Vor über hundert Jahren hatten Geary und seine Kameraden diese Vorschrift als die »Pech gehabt«-Regel bezeichnet. Befolgte man einen Befehl, obwohl ein paar von »allen potenziellen Faktoren« dagegensprachen, waren alle Konsequenzen daraus einfach nur die Schuld des jeweiligen Kommandanten. Befolgte man unter diesen Umständen einen Befehl nicht, dann traf ebenfalls den Kommandanten alle Schuld. Er hätte sich keine Sorgen machen müssen, dass eine solche Vorschrift zum Schutz der vorgesetzten Autorität aus dem Regelwerk entfernt worden war.

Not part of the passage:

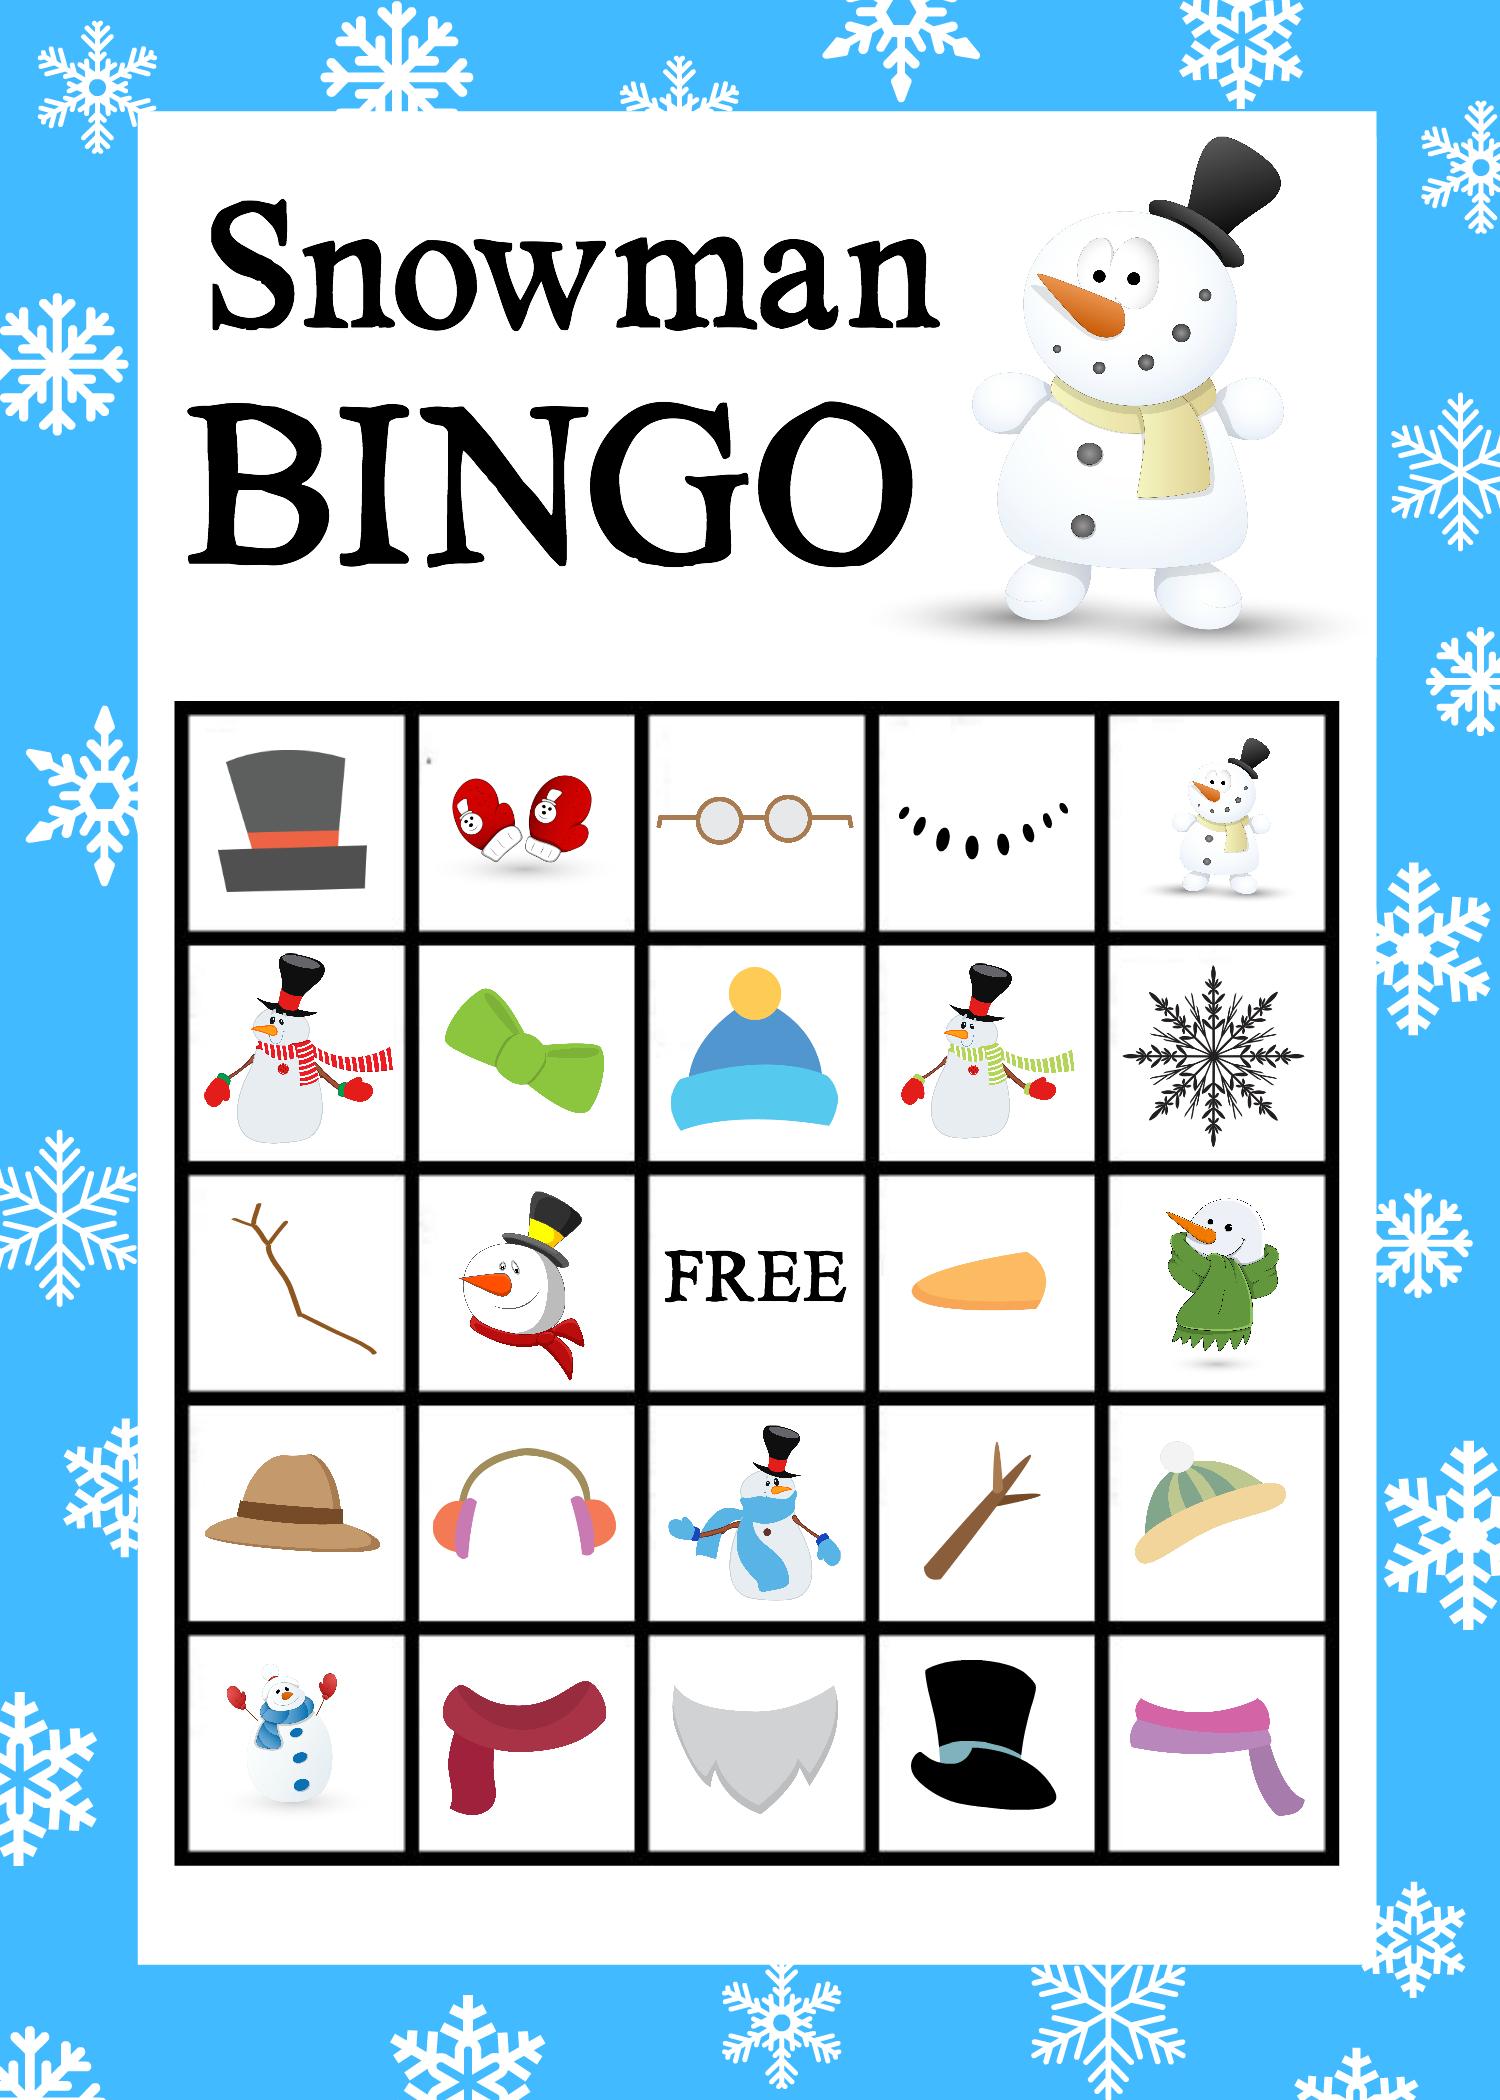 Play Bingo -
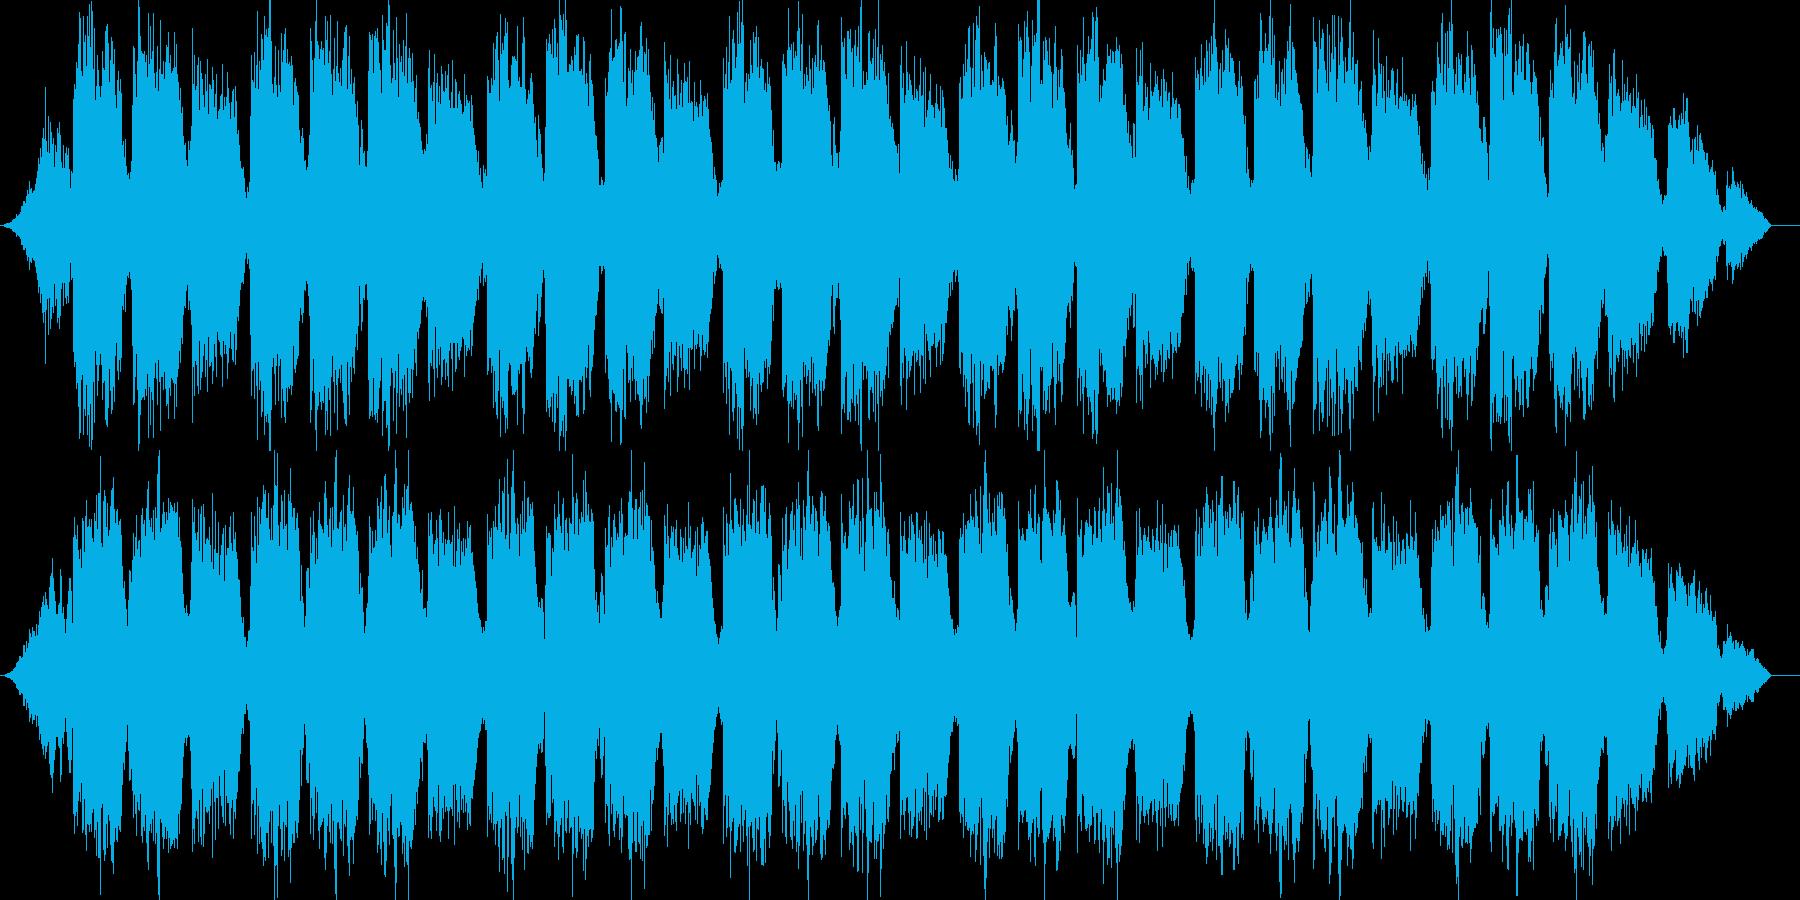 化学プラントサイレン タイプCの再生済みの波形

Aber er konnte die Vorschrift auch gegen diese vorgesetzte Autorität zum Einsatz bringen. Er konnte auf diesen Befehl mit einem sehr detaillierten Bericht reagieren, der all jene potenziellen Faktoren enthielt, mit denen sich die aus seiner Sicht notwendige Verzögerung bei der Umsetzung dieser Mission rechtfertigen ließ. Es waren weitere Reparaturen durchzuführen, die Vorräte waren noch nicht vollständig aufgestockt, Crewmitglieder waren nach wie vor auf Landurlaub, und wenn nicht ein Notruf an sie ausgesandt wurde, würden sie sich erst zum vereinbarten Termin wieder bei der Flotte einfinden. Um diese Argumente zusammenzustellen, würde er bestimmt einen ganzen Tag benötigen, und das, wo es keine Garantie gab, dass im Hauptquartier irgendjemand mehr lesen würde als den zusammenfassenden Absatz zu Beginn seiner Ausführungen. Es war nicht mal sicher, ob sich im Hauptquartier überhaupt jemand für Argumente interessierte, die der von ihnen gewählten Version der Wirklichkeit widersprachen.

Aber er konnte auch nicht lügen. Eine Potemkinsche Flotte mochte schön und gut sein, wenn es sich nur um rein verwaltungstechnische Angelegenheiten handelte. Aber eine Lüge über den Bereitschaftsstatus der Flotte hatte da schon etwas Kriminelles an sich.